[Recorded information]:
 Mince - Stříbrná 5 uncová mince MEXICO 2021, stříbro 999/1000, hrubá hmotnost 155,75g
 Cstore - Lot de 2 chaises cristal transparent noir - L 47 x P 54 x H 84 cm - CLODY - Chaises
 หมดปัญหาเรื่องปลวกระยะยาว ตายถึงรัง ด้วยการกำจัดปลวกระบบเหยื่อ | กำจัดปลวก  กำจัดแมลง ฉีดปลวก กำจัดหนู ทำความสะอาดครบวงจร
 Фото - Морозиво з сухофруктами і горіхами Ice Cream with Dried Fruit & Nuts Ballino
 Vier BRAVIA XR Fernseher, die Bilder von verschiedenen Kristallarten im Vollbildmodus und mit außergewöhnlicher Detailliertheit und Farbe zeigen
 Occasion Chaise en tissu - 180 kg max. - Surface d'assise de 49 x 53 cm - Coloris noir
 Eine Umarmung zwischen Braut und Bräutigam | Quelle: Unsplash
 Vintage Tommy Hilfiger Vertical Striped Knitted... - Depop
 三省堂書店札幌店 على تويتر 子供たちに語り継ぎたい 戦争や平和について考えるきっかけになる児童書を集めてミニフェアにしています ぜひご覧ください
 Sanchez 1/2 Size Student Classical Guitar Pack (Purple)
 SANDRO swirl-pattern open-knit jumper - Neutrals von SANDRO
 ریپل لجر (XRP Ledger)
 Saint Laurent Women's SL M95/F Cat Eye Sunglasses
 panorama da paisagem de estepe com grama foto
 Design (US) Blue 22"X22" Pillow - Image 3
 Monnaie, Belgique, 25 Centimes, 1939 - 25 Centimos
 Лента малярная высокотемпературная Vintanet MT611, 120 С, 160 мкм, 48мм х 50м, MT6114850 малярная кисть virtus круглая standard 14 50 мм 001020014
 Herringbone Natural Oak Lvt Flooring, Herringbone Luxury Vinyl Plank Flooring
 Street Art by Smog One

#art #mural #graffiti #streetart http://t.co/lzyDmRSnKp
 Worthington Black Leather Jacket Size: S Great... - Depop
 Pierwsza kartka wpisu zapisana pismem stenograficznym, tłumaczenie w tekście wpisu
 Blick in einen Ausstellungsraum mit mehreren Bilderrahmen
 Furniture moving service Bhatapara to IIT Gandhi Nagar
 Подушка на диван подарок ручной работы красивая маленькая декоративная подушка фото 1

[Description of the task]:
Scan the material above for the string "Depop", and copy every line where it is found.

[Response to the exercise]:
 Vintage Tommy Hilfiger Vertical Striped Knitted... - Depop
 Worthington Black Leather Jacket Size: S Great... - Depop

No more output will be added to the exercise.